OpenClaw is just like any other tool, you need to learn it before its power is available to you.
Just like anything in engineering really: you have to play around source control to understand source control, you have to play around with database indexes to learn how to optimize a database.
Once you've learned it and incorporated it into your tool set, you then have that to wield in solving problems "oh, damn, a database index is perfect for this."
To this end, folks doing flights and scheduling meetings using OpenClaw are really in that exploration / learning phase. They tackle the first (possibly uninventive thing) that comes to mind to just dive in and learn.
The real wins come down the line when you're tackling some business / personal life problem and go: "wait a second, an OpenClaw agent would be perfect for this!"
>The real wins come down the line when you're tackling some business / personal life problem and go: "wait a second, an OpenClaw agent would be perfect for this!"
> OpenClaw is just like any other tool, you need to learn it before its power is available to you.
That's ridiculous.
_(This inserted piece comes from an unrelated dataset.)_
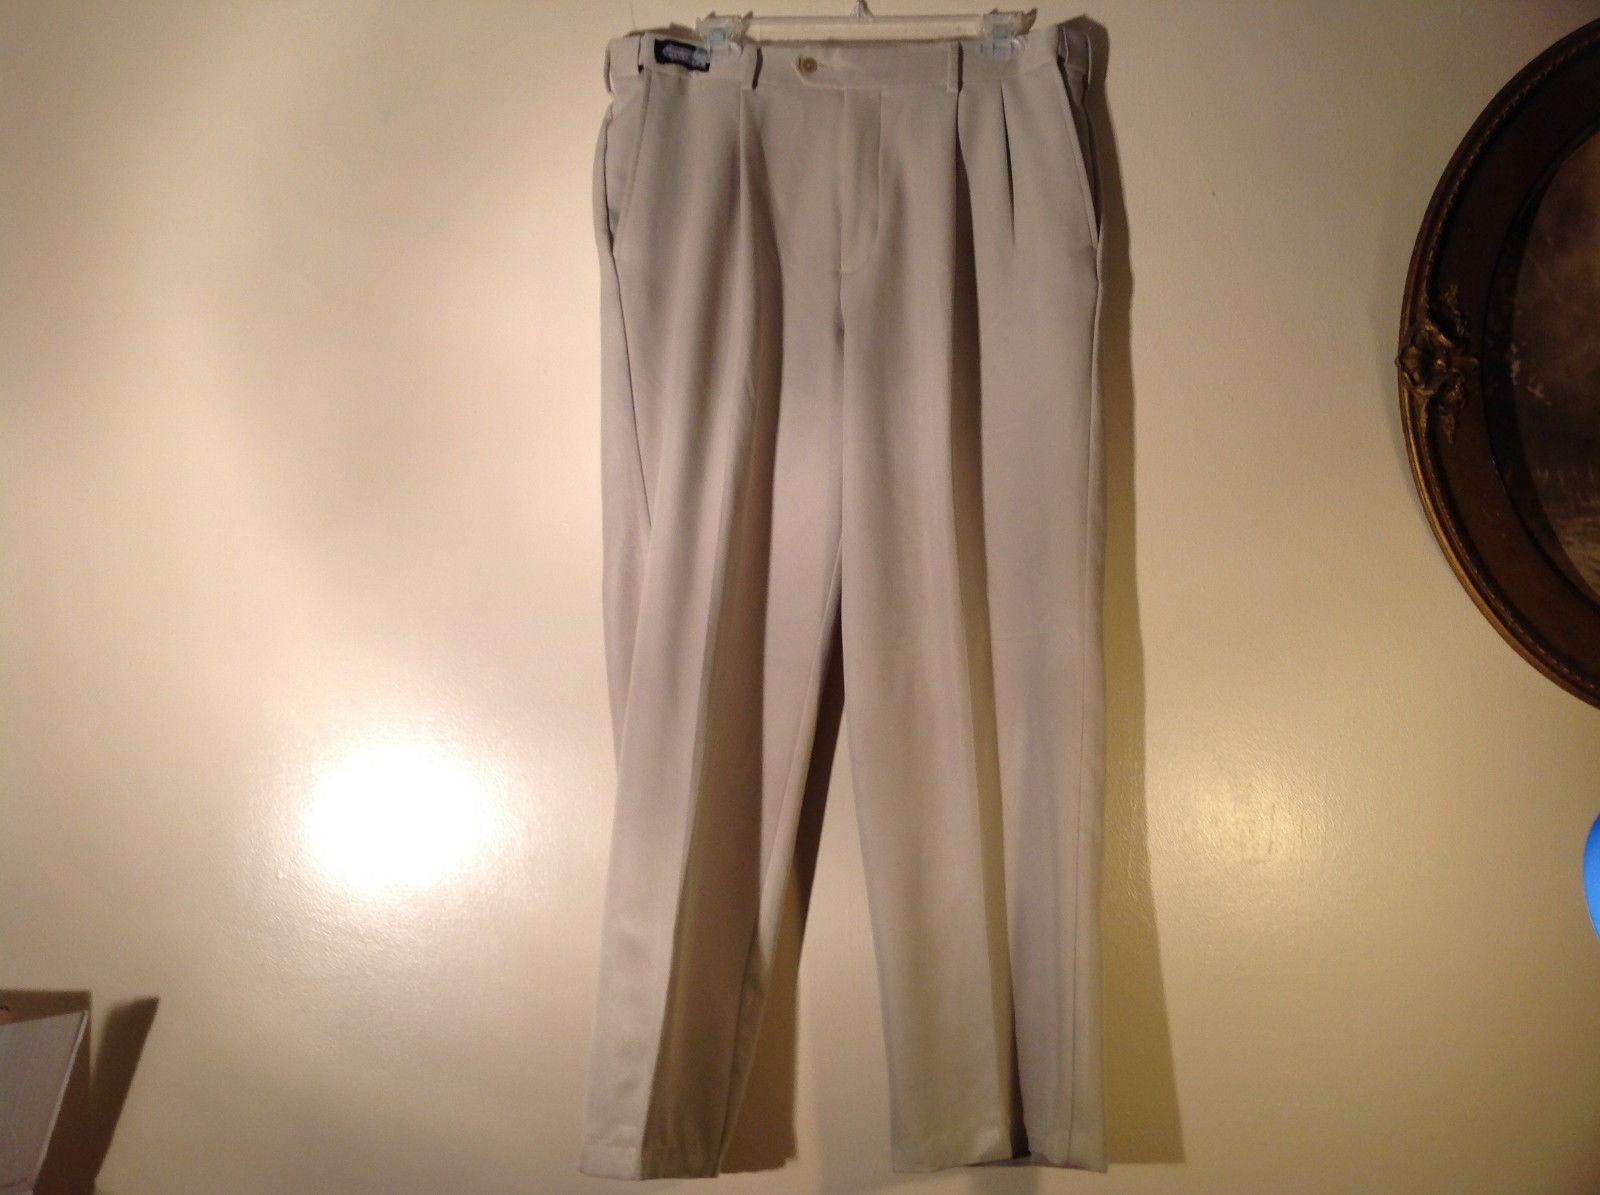 Savane Light Beige Dress Pants Comfort Plus Waistband Size 36W by 29L

The utility of any tool is usually knowable before using it. That's how most tools work. I don't need to learn how to drive a car to know what I could use it for. I learn to drive it because I want to benefit from it, not the other way around.
It's the same with computers and any program. I use it to accomplish a specific task, not to discover the tasks it could be useful for.
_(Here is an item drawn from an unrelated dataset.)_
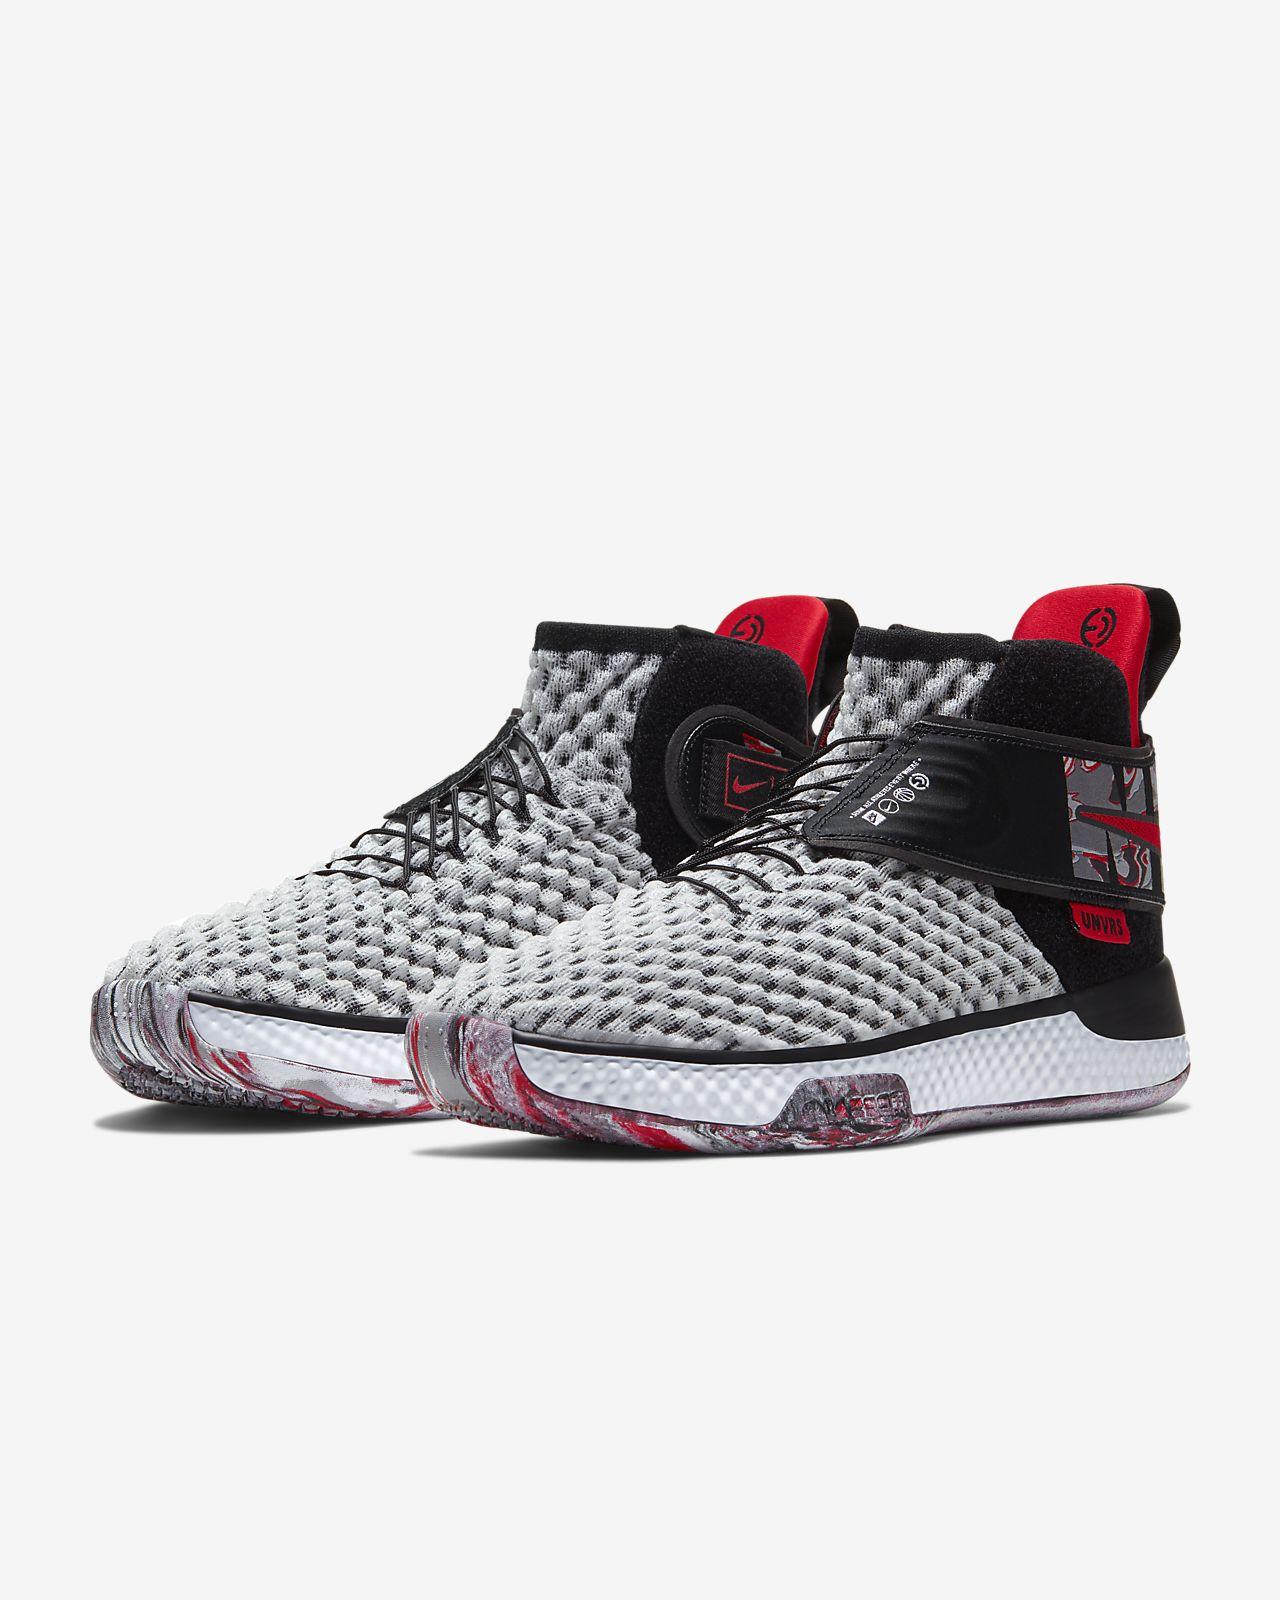 Air FlyEase Nike Zoom UNVRS Basketballschuh 0PnwOk8X

OpenClaw is yet another tool in search of a problem, like most of the "AI" ecosystem. When the bubble bursts, nobody will remember these tools, and we'll be able to focus on technology that solves problems people actually have.
The utility of a program like Excel, Obsidian, Notion, Unity, Jupyter, or Emacs far beyond the knowledge of knowing how to use the product.
All of these products are hammers with nails as far as your creativity will take you.
Its wild to have be on a website called Hacker News, talking about a product that can make a computer do seemingly anything, and insisting its a tool in search of a problem.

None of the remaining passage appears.